I wanted to make sure that strong perimeter defenders were represented well, but I do think that maybe more emphasis on bigs would help mitigate some issues. Maybe splitting defense into groups? Not sure if by height or by position or some statistical factor would work better because there will always be guys put in the wrong ones, and I dont want to run a KNN or something for this that sounds dumb lol
It gets AD Wrong, AD should be better. Giannis too, I think it fails to capture a certain archetype of defender, or maybe I should incorporate blocks into the Rim points saved category somehow, because right now adding them both together as separate predictors creates some wonky out of sample predictions because multicollinearity shenanigans, at least defensively
Offensive Priors are good and correlated extremely well to OFF RTG (Defense was about the same as the other two, Offense was crazy good if I recall), But while synergy play type over expectations can take into account shot and play quality at certain things in a way, I want some emphasis than I have on players who finish high value opportunities at a great rate too like AD
It will generally struggle to Identify really good players on teams that can be elite in the regular season without them. KD on the Warriors and Kawhi on the Raptors, becuase it is less reliant on box scores than some other all in ones (I guess thats somewhat of a niche it fills lol), certain players like that might be undervalues. this kinda is true for all metrics though
I’ve played around with 4 separate “Weightings” on the box score so far (By weightings i mean telling the model how much to listen) and so far the closer has generally. been the better (Like literally the one Im going to put below is tabbed as “Closest”). I'‘ll see if that trend continues
So some general thoughts there. I’ll go through some of the weird overall results but the dataframe will be below. No one will listen to this but 1. Its regular season only so Lebron is a bit undersold some years, 2. its only available 2015 onwards, and 3. its not meant to be compared across different years, although practically I guess its fine.Some Weird Results
Gonna break down some weird results on here and show if they’re unique to mine or in alot of them. Not making any conclusions from if theyre in all of them this is more just demonstrating some “weird” results are universal, and some ones are just in mine
2015:
Lebron at 6, george hill at 7.
(EPM Lebron at 5, George Hill at 7, )
(LEBRON, lebron at 4, george hill at 15. )

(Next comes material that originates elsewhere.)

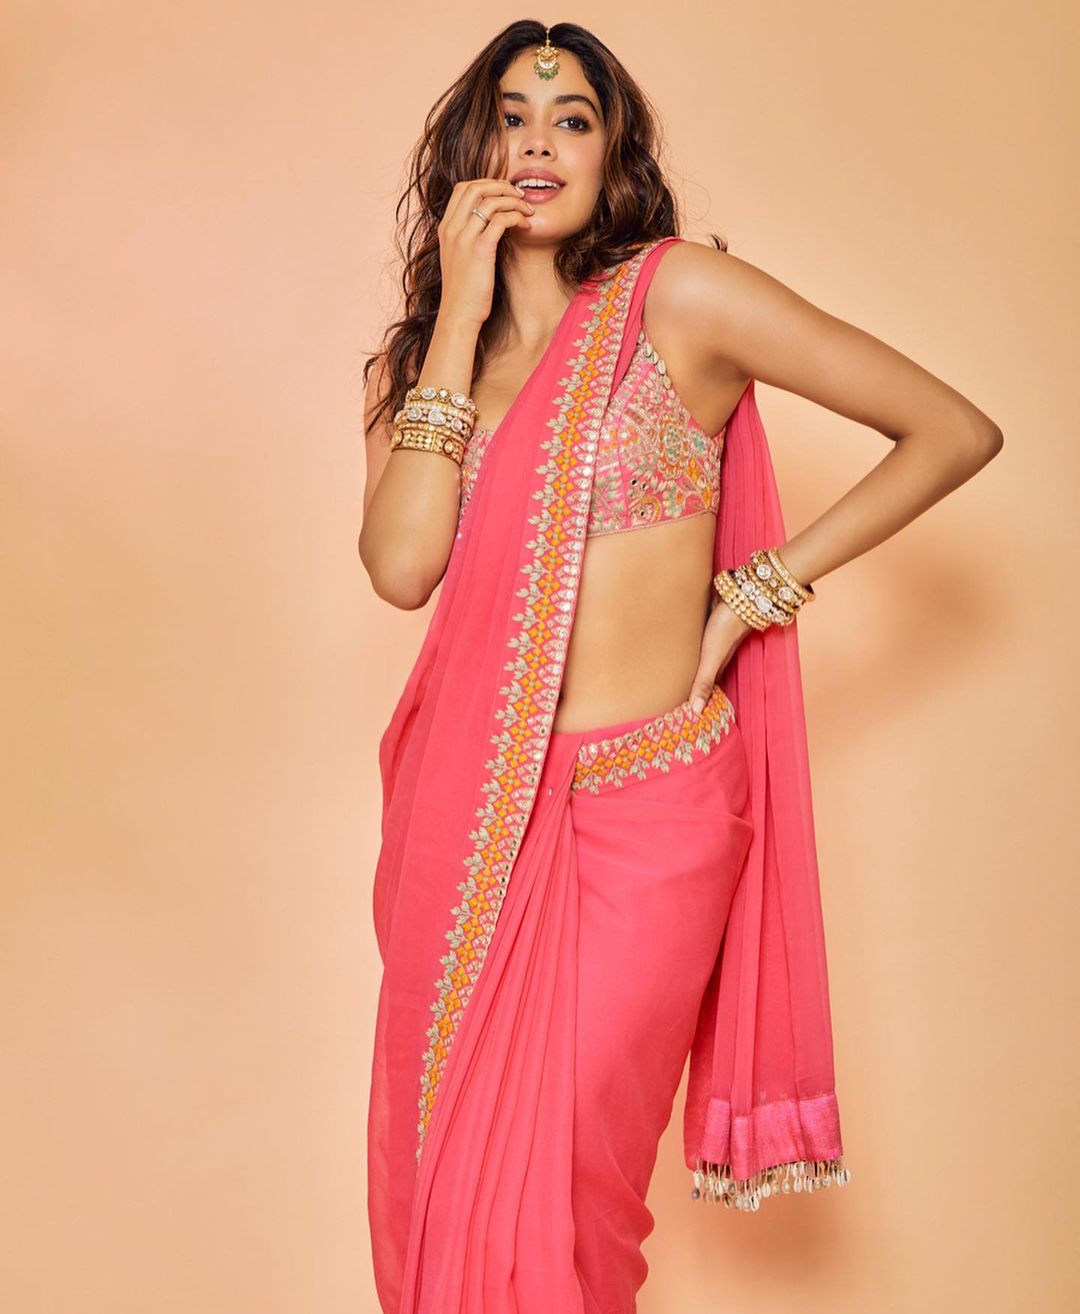 Janhvi Kapoor always sizzles in Indian ethnic wear. Seen here in a pink saree.

Note(2015 to 2017 was interesting because Lebron shot up the less I weighed the box score, so kind of the “This type of stuff undersells him” vibe, he was overall #1 taking the 3 years together in the impact part of it by alot (Curry 15-17 was the #2 stretch from 2014 to 2024 I think too, or something like that)
2016:
Lebron at 4
(EPM 4)
(LEBRON 2)
2017:
(Durant at 8 )
(EPM 14, )
(LEBRON 9) Should be higher of course, but obviously its universal here, mostly from how good the team coulld still be without him
2018:
AD 15, KD 16
(EPM AD 3, KD 15,)
(LEBRON AD 8, KD 12). I think AD should be 1 or 2 personally this year, Yeah my thing just sucks at getting AD right. All of them hate KD again
2019:
Kawhi 15,
(EPM Kawhi 15,)
(LEBRON Kawhi 12), Player of the year of course, its just low on him because toronto did well without him playing sometimes and its an impact thing
2020:
Kemba 8
(EPM 43,)
(LEBRON 23) Listen, if EPM is allowed to get Nurk and Zubac top 10 outta no where, I get to have Kemba lol. LEBRON honestly does a great job at not having random guys way too high sometimes, although maybe its more certain guys being low sometimes I hear people complain about
2022:
Luka 18
(LEBRON 8),
(EPM 17), Mostly low on his defense, but yeah obviously Luka was higher than all of this if im remembering the year right
2023:
Luka 11,
(LEBRON 7,
(EPM 7)
2024:
Giannis 7,
EPM 4,
LEBRON 2: This was just bad imo.
And AD being off in alot of these, It has jokic way too low on 2021 but has him #1 every year since
Now obviously I’m literally going through my list to see dumb stuff that pops out, probably missed some stuff, but you could go through other lists and do the same for example (I think 2024 Curry is like 25th in LEBRON? 12th on mine and on EPM, but LEBRON generally I think looks really solid at the top for sure) The point isnt to disparage anyone or any number, but to say these things will always have some individuals that make you go ???, as long as its not completely absurd, as in random guy X at 1,2,3, I think its reasonable
I think All in ones are fantastic tools but they aren’t like a “how good is this guy” metric, a guy being ranked way lower than expected on a team that functions well without him isn’t necessarily a bad sign on that player, because impact comes just as much from “They get way better when you’re there” To “They Suck when you sit”…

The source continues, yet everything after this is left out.